Stellantis swallows $26 billion costs as it rethinks its EV strategy
7 hour ago / Read about 9 minute
Source:ArsTechnica
The automaker follows Ford and GM in writing down huge sums after betting wrong.


Credit: Getty Images

The automotive industry’s big bet on a rapid adoption of electric vehicles—at least here in the United States—continues to unwind. Today, Stellantis, which owns brands like Jeep and Dodge, as well as Fiat, Peugeot, and others, announced that it has “reset” its business to adapt to reality, which comes with a rather painful $26.2 billion (22.2 billion euro) write-down.

It wasn’t that long ago that everyone was more bullish on electrification. Even the US had relatively ambitious plans to boost EV adoption into the next decade, including a big commitment to charging infrastructure. Ten new battery factories were announced, and the future looked bright.
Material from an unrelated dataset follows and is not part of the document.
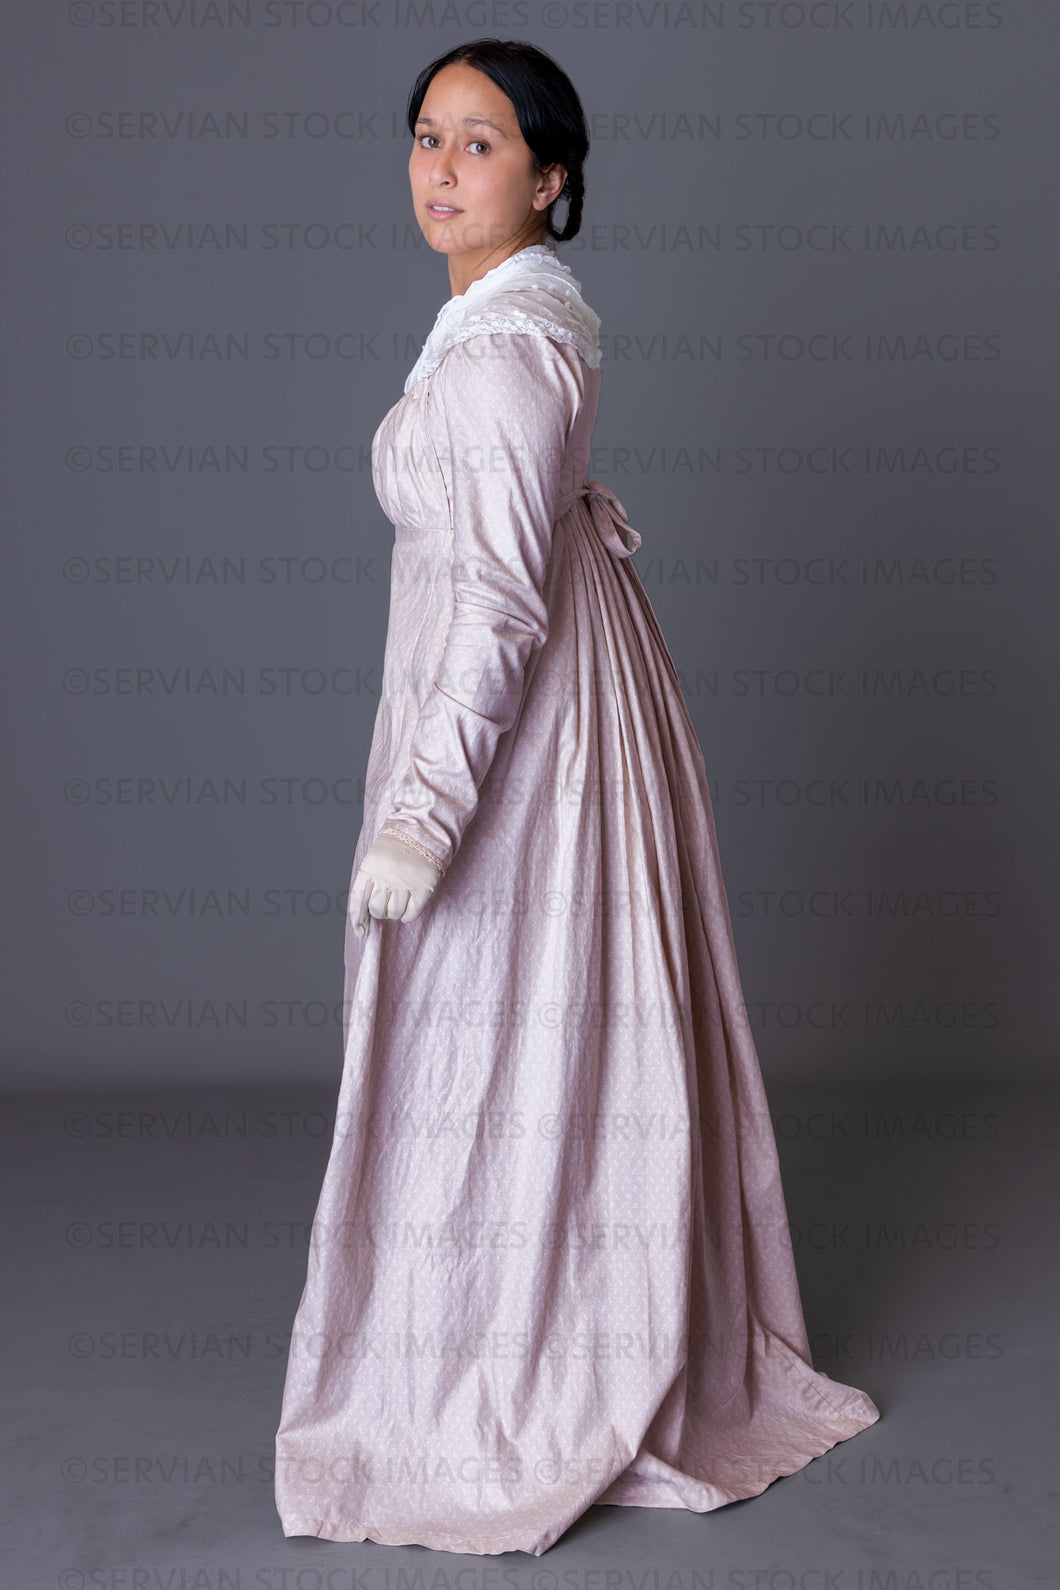 Regency woman wearing a cotton dress with a lace modesty shawl (Sylvia 5949)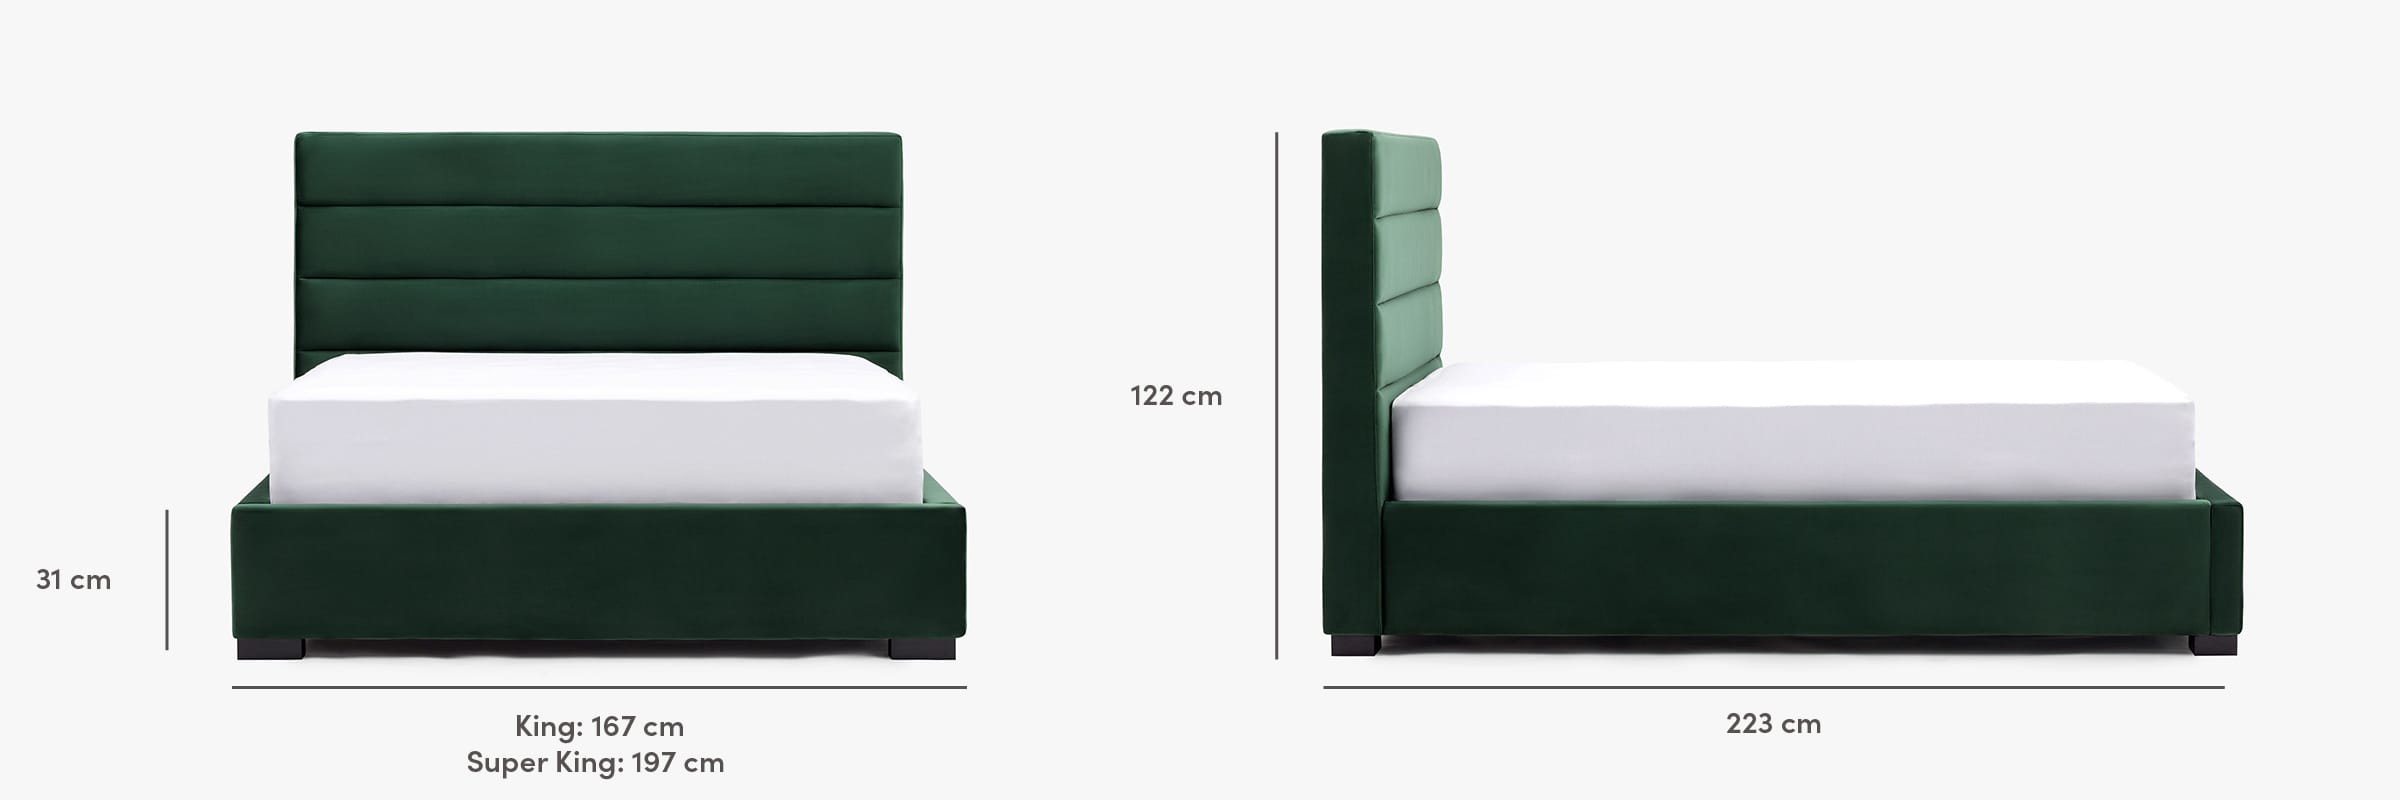 The oxford bed dimensions

Not everyone agreed. Some automakers, having been left behind by the push toward battery EVs and away from simple hybrids that offered little in the way of true decarbonization, lobbied hard to relax fuel efficiency standards. Car dealers, uncomfortable with the prospect of investing in and learning about new technology, did so, too. When the Republican Party won the 2024 election, the revanchists got their wish.

Gone were the incentives to consumers and businesses to buy EVs, which helped offset the higher purchase price. Out went funding for that national network of high-speed chargers. Tough future emissions standards were torn up, and inefficient and polluting gasoline engines will instead be the order of the day. And automakers were told to forget about being fined under the existing regulations—"sell as many gas-guzzlers as you like” was the message. (But also, bizarrely, import those tiny Japanese Kei cars, too.)

Reality bites

Stellantis is hardly alone in feeling this pain; in December, Ford announced a $19.5 billion write-down as it reprioritized combustion-engine platforms going forward. GM followed in early January with news that canceling some of its EV plans would cost the company $6 billion. Neither bill is quite as large as the one facing Stellantis (and its shareholders).

The automaker has lagged behind Ford and General Motors in terms of its electrification strategy. In the time that Ford’s F-150 Lightning electric truck has come and gone, and as GM will sell you a couple of different EV pickups, Ram never got that far—and likely never will now that its giant-batteried truck has been canceled. And Jeep’s first US EV was more than a bit underwhelming.

Those canceled products will cost Stellantis about $3.4 billion (2.9 billion euros), with another $7.1 billion (6 billion euros) from platforms that will no longer be amortized over nearly as many units. Another $6.8 billion (5.8 billion euros) will be paid as cash over the next four years due to existing contracts.

Resizing the company’s supply chain will cost another $2.5 billion (2.1 billion euros) as it needs fewer batteries. Laying off workers in Europe will cost another $1.5 billion (1.3 billion euros), with an additional $4.8 billion (4.1 billion euros) due to ongoing warranty issues.

“The charges announced today largely reflect the cost of over-estimating the pace of the energy transition that distanced us from many car buyers’ real-world needs, means and desires. They also reflect the impact of previous poor operational execution, the effects of which are being progressively addressed by our new team,” said Stellantis CEO Antonio Filosa.

Going forward, Stellantis says it will invest $13 billion in the US, where it plans to add 5,000 jobs as it builds more trucks and SUVs. Among these will be a new V8 version of the Ram 1500 pickup, a gas-powered version of the Dodge Charger, and some Jeeps.